The trouble with Elephants
There is an often repeated story which people tell to describe the relationship beteen religions. The story describes a group of blind men who come across an elephant and begin to describe what the animal is like. One grabs hold of the leg and declares that an elephant is like a tree-trunk. Another finds the ear and decides that the elephant is like a banana leaf. A third locates the trunk and concludes that an elephant is some kind of snake.
The point of the story is of course that all the blind men are right even though it sounds like they are describing completely different creatures. And the reason why the story is told is to suggest that this is how we should think about the differences between the different religions.
Initially this idea seems very promising. There is something attractive in the idea that we might all be brought together and find that we have all been worshiping the same God after all. At the same time this approach seems to short circuit the arrogance and intolerance of people who claim that their religion is right and everyone else’s is wrong.

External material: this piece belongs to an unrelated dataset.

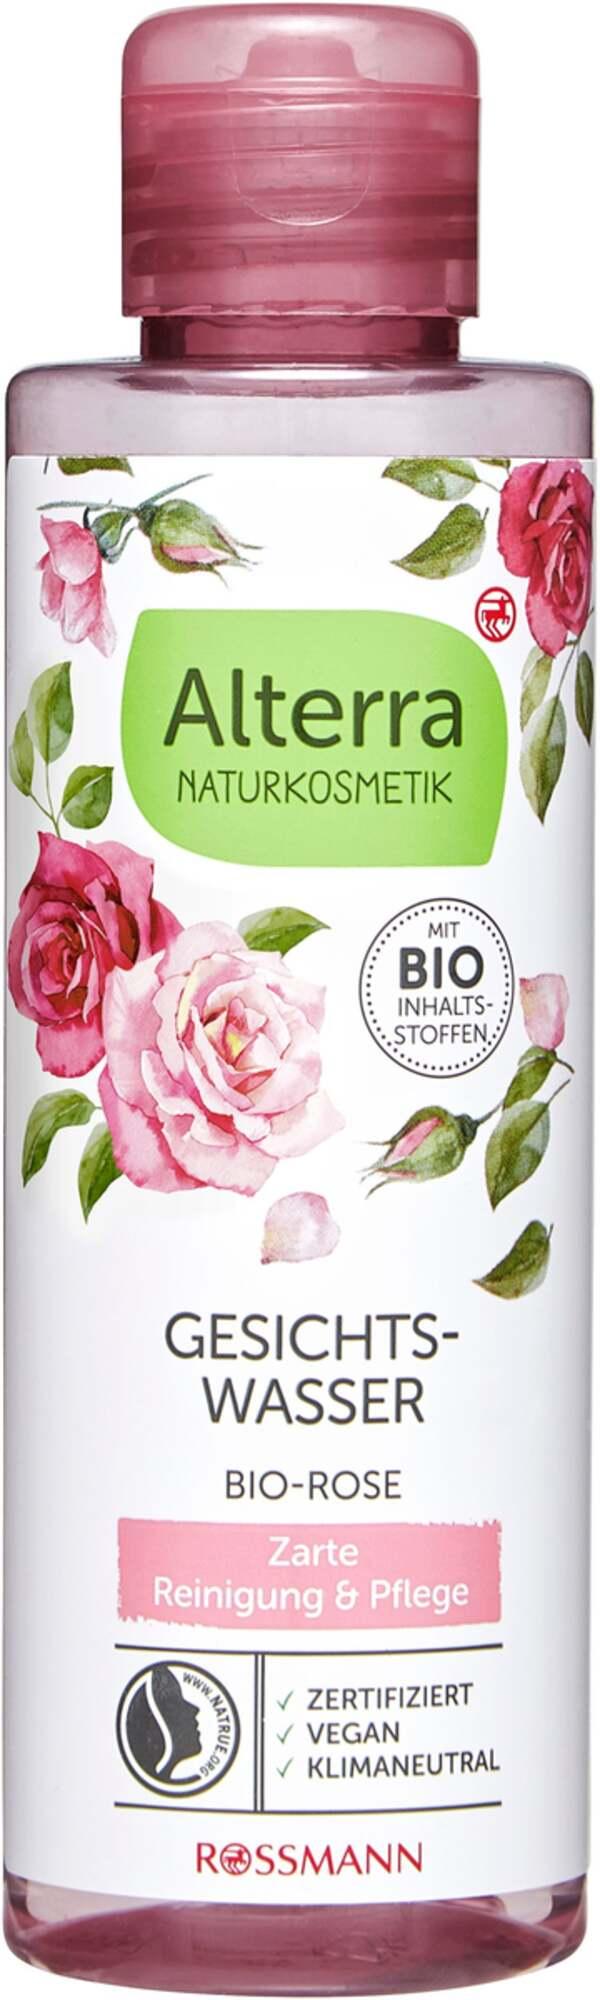 Alterra NATURKOSMETIK Gesichtswasser Bio-Rose

Yet there is a massive problem with the story. The tale fails to mention one of the people who is at the scene — namely the person who sees the situation and observes the true situation. This person who is the one who tells the story is in-effect claiming to be the only sighted person out of a world of blind religions. This person not only sees the true shape of God but also understands every other religion better than it’s most faithful adherents. At this point the story looks less like tolerance and more like a patronising attempt to tell everyone else what they really believe.

In the end the most honest approach is to let religions disagree. Perhaps none of them are right. Perhaps they are all partially right. But nobody is helped by a pseudo tolerance that shoe-horns contradictions into a grand meta-religion. It is true that there are similarities between the world’s great religions. All insist that people need to change and that there are problems with the world. All insist that there is another reality beyond this life of flesh and mortality.

But the truth is the similarities end right about there. Religions inevitably make definite statements about the world which must either be true or false and which often contradict the teachings of other religions. When Buddhism tells you that you will be reincarnated after death and Islam says that you will face judgment and go to paradise or hell they can’t both be right. When Hinduism describes God as a universal force and Judaism tells us that God is a great and powerful person one of them at least must be wrong.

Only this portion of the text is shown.